Taken up with the boat coming into the quay—Fyssher and Owyn doing, Joliffe and George watching—they let talk fall away until the boat nudged gently to a stop against the stairs, and Fyssher reached out to grasp a metal ring to keep them there. Skillful with familiarity, George stood up and stepped out easily, then turned to offer his hand to Joliffe. Still not sure of his footing on the gentle rocking of the boat, Joliffe took his help readily and with thanks.
“I’m to see you to as near your door as you feel safe,” George said. “They’ll wait here for me.”
Joliffe took coins from his belt-pouch and gave one each to Owyn and Fyssher, saying, “Here’s for drink to warm you once you’re home.”
While Fyssher took the coins with thanks, Owyn pulled a leather bottle from under his seat, saying, “We’ve something for tonight, but that’ll pay for tomorrow’s. Saint Nicholas keep you well.”
“And you,” Joliffe returned.
With a pointing finger but in jest more than worry, George warned, “Just mind you don’t drink so much of that you can’t row me straight back.”
Fyssher and Owyn laughed. The bottle was passing from one to the other as George led Joliffe away, across the quay toward the lantern-lighted mouth of a street. There were no people about, and Joliffe asked, “Has it gone curfew?”

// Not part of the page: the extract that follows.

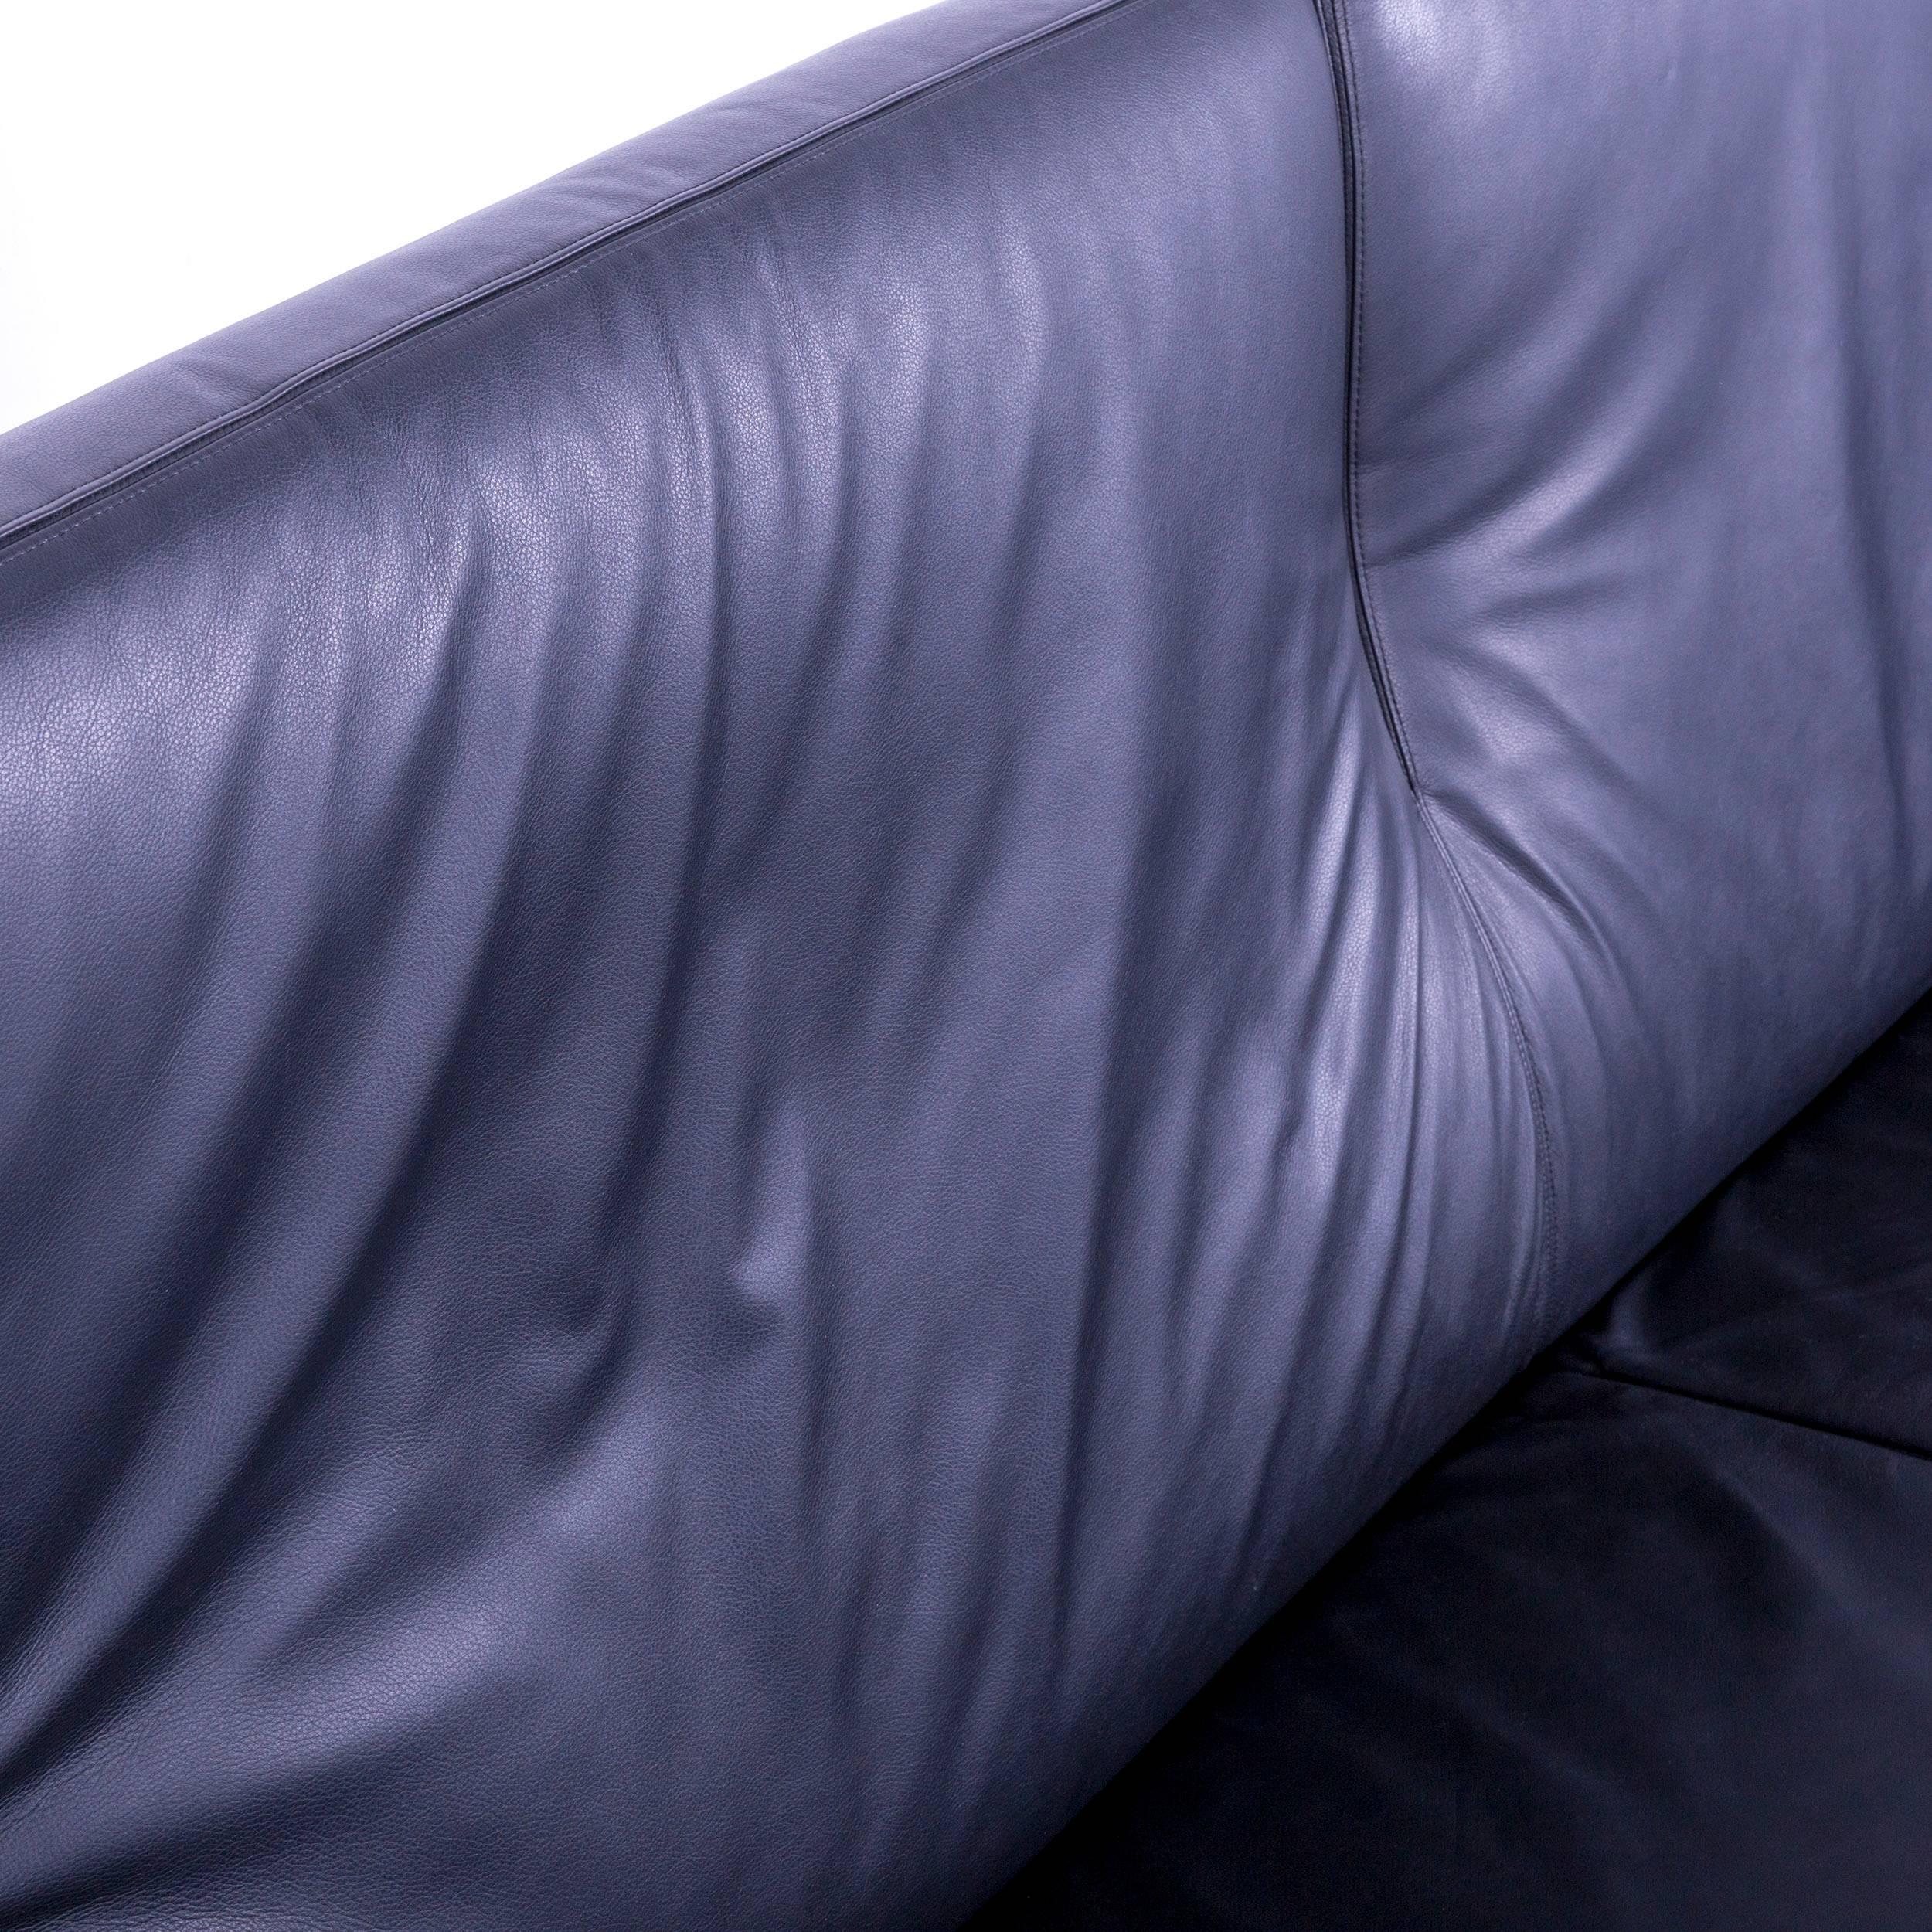 B&B Italia Oriente Designer Leather Sofa Set Three-Seater + Foot-Stool For Sale 2

“Near enough. When the nights draw on cold like this, people tend to be home the sooner,” George said. “Whereabouts St. Paul’s do you want to go?”
Joliffe found himself unwilling to let the man know where he came from and said, “If you see me past the east end, I can get myself from there.”
“We’ll go this way then,” George said, “and bear up Bread Street. That’ll put us there without we come too near the duke of Gloucester’s palace and lessen chance of meeting any of his folk. If you’ve no mind against it, would you walk a pace or two behind my left shoulder? That way if anyone comes at us, one of us will have a little more warning than the other. You any good with a dagger?”
“Good enough,” Joliffe said. He was better with a club, but that was beside the point since there was no club to hand. With a queasy remembering that two nights ago walking apart had not saved much, he asked, “Are we likely to be attacked?”
“No,” George said, but Joliffe noted he had shifted his cloak back, leaving clear the hilt of the sword on his left hip. “The constables keep a tight hand on their wards, mostly, and our way should be lighted well enough. But always better wary than not, I say.”